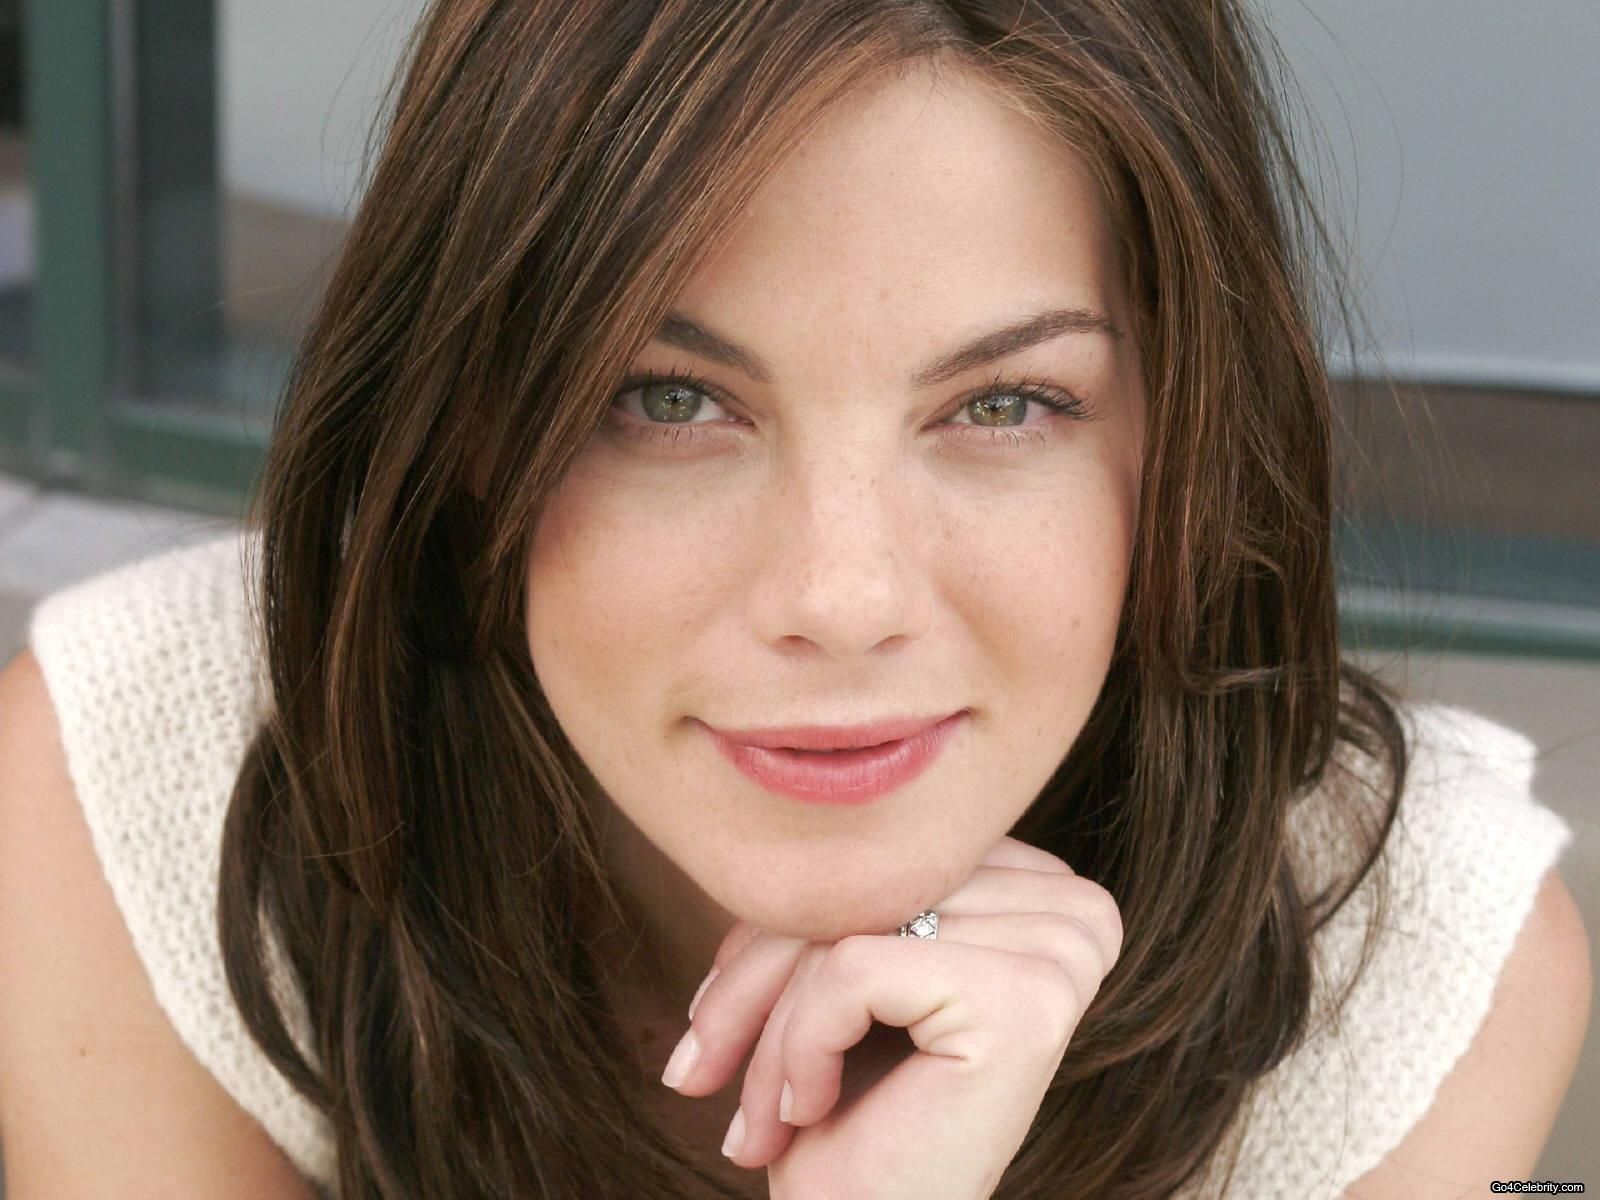 Monaghan body michelle Michelle Monaghan's
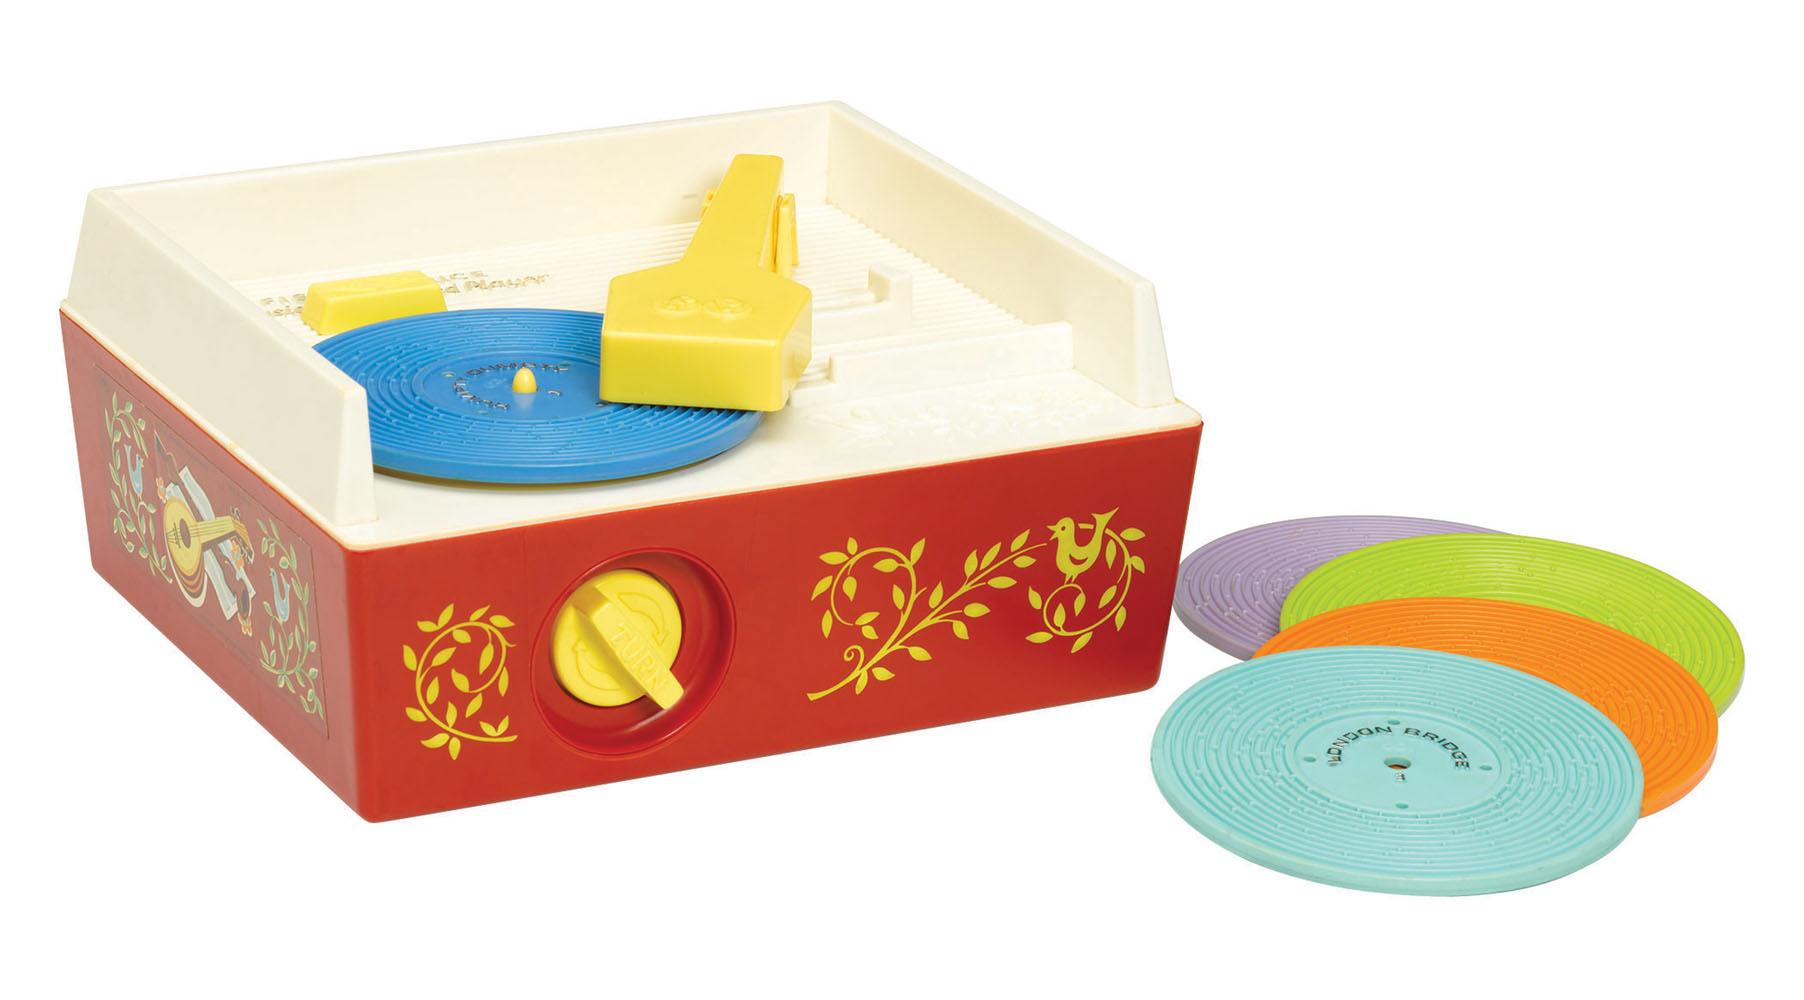 Retro Toys Quiz 🎠: Can You Identify These 1970s Toys? Music Box Record Player
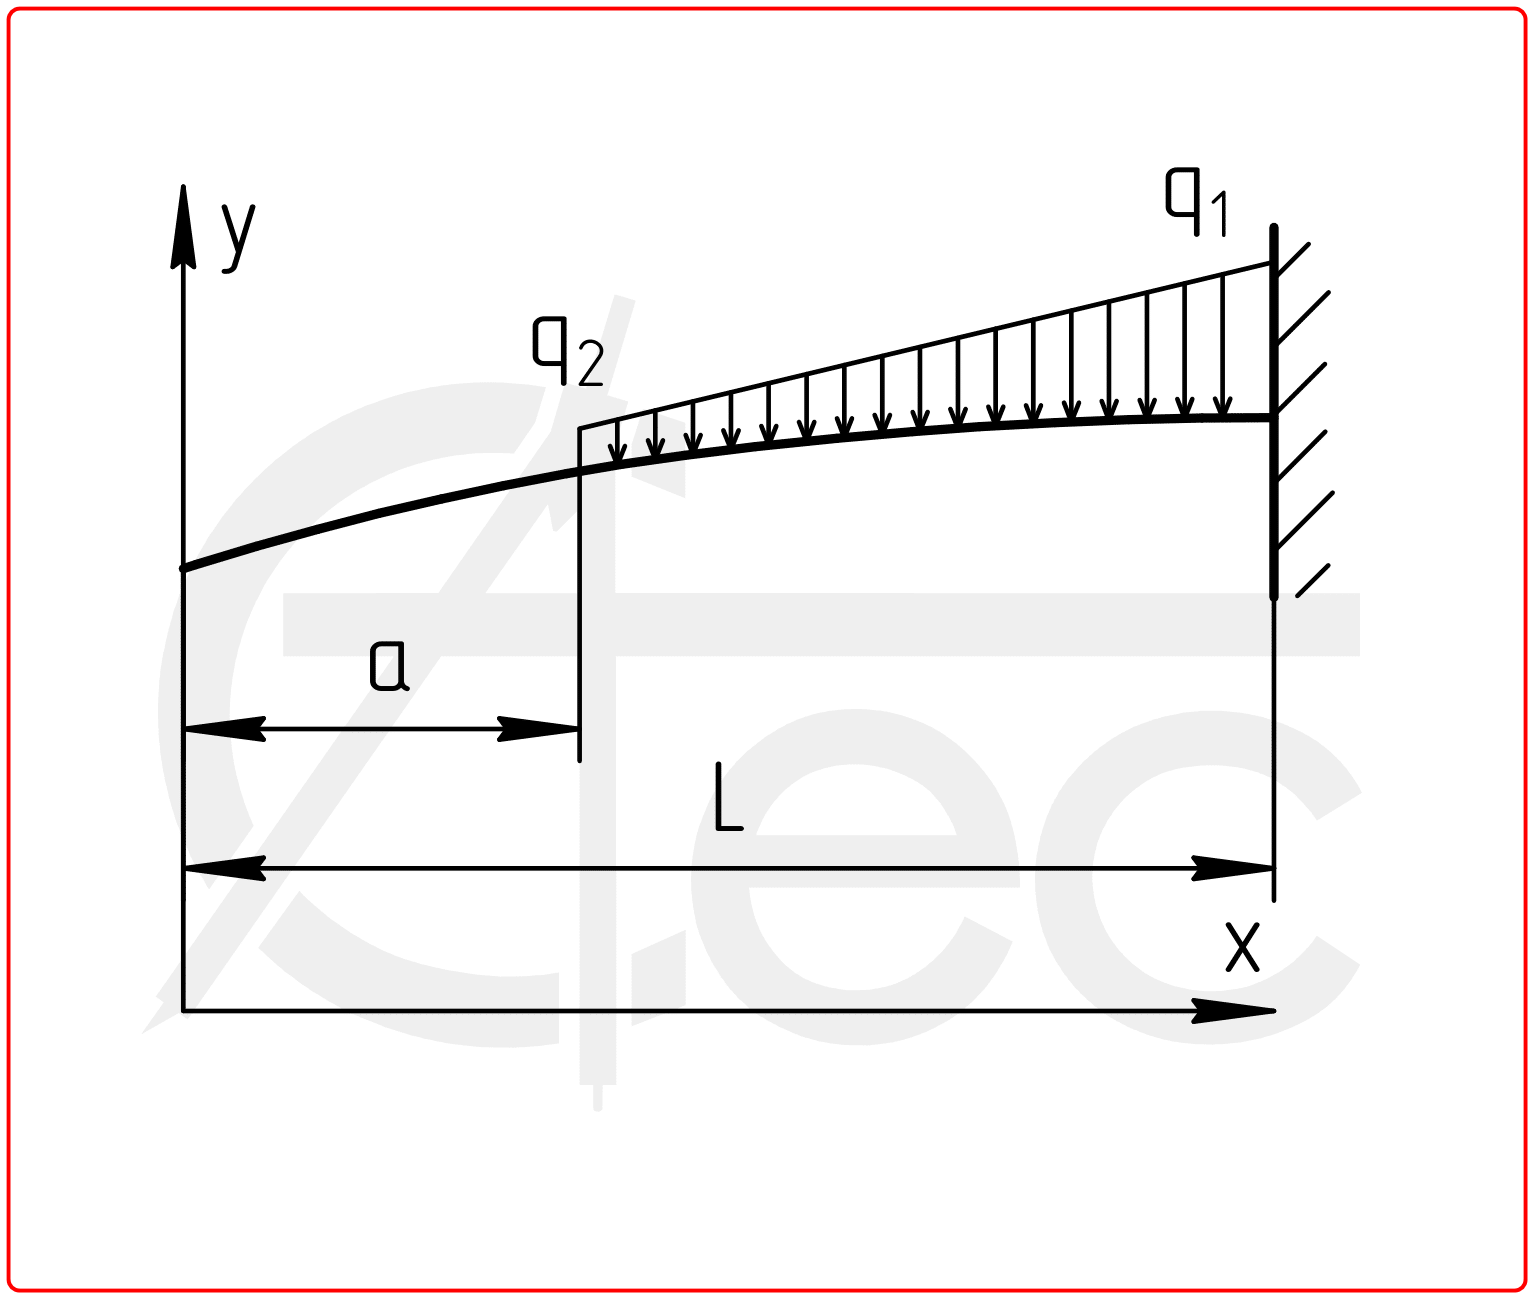 Cantilever beam under distributed load
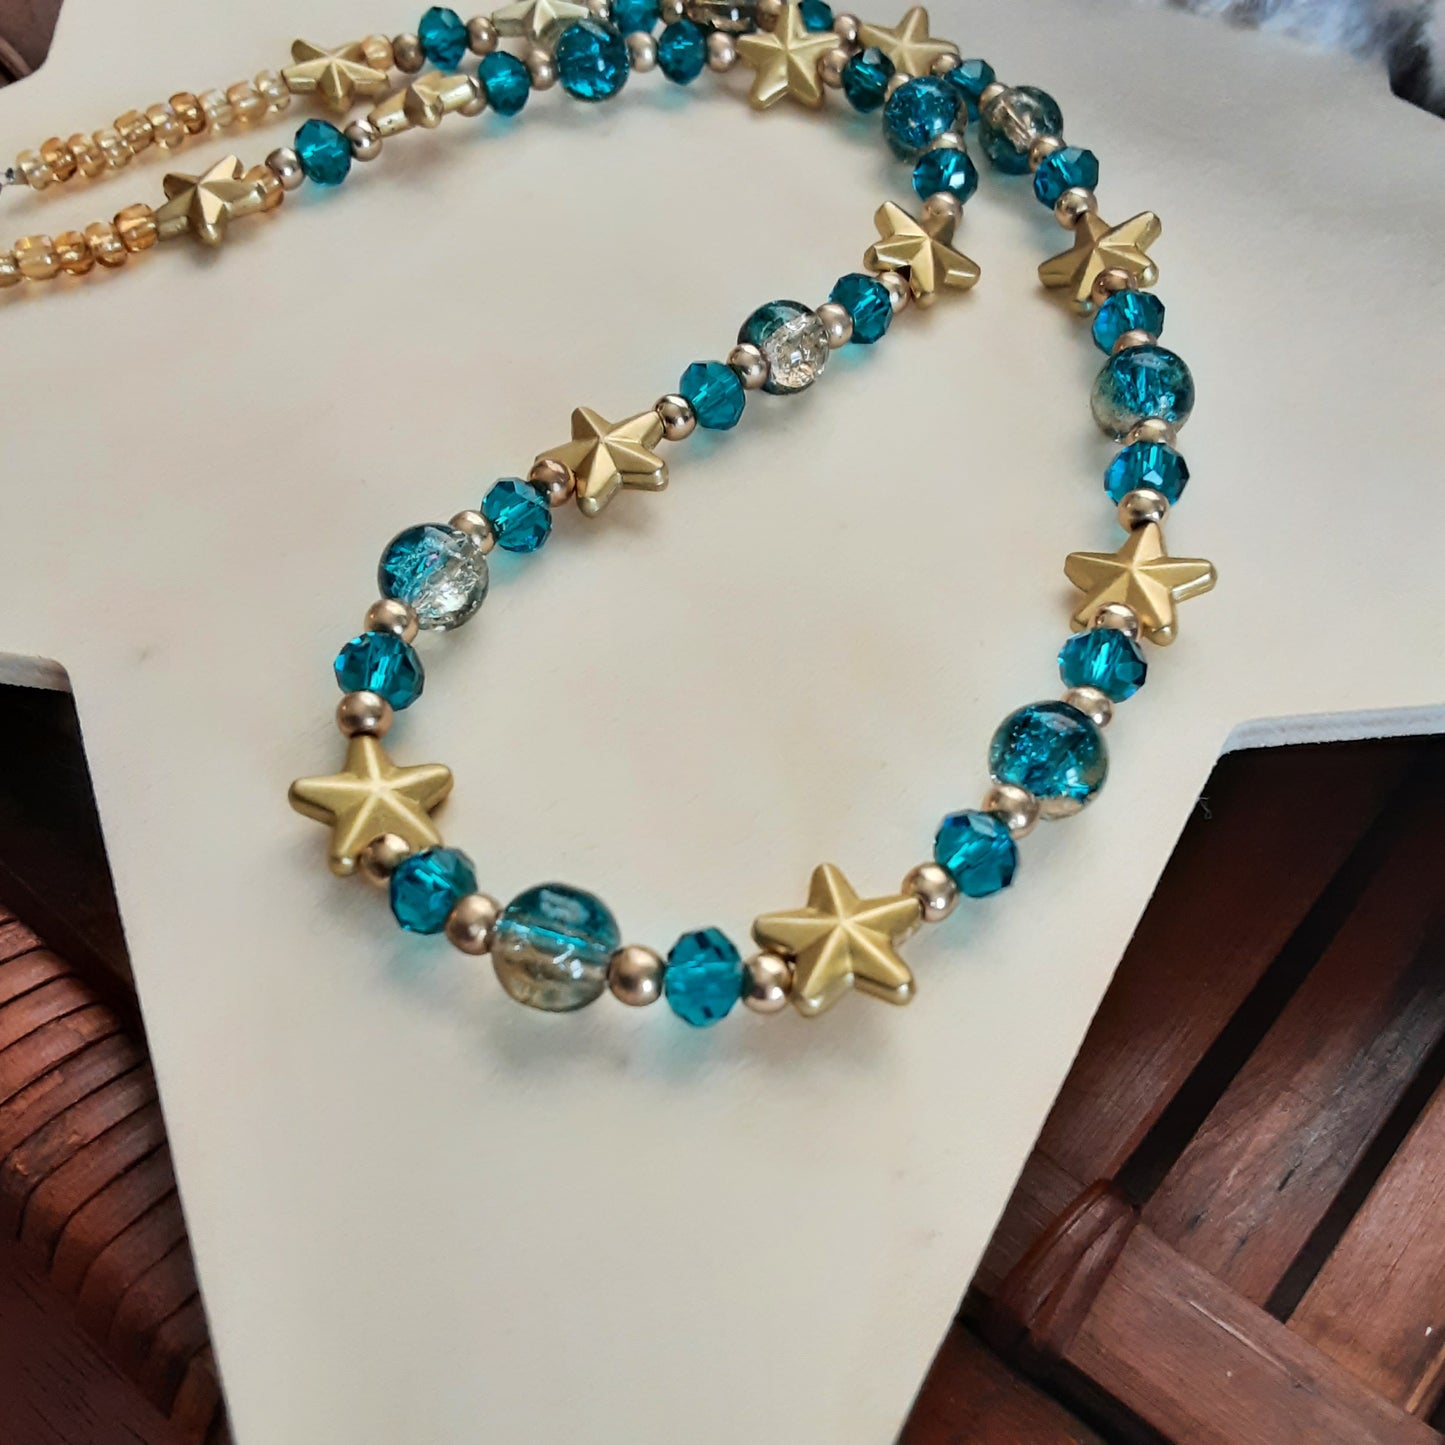 Gold and blue star necklace

> [WHAT YOU NEED TO DO]:
Transcribe the span of lines that runs from the line with "Cantilever beam under distributed load" to the end of the data, both ends included, exactly, with nothing else and no pictures.

> [ANSWER AREA]:
 Cantilever beam under distributed load
 Gold and blue star necklace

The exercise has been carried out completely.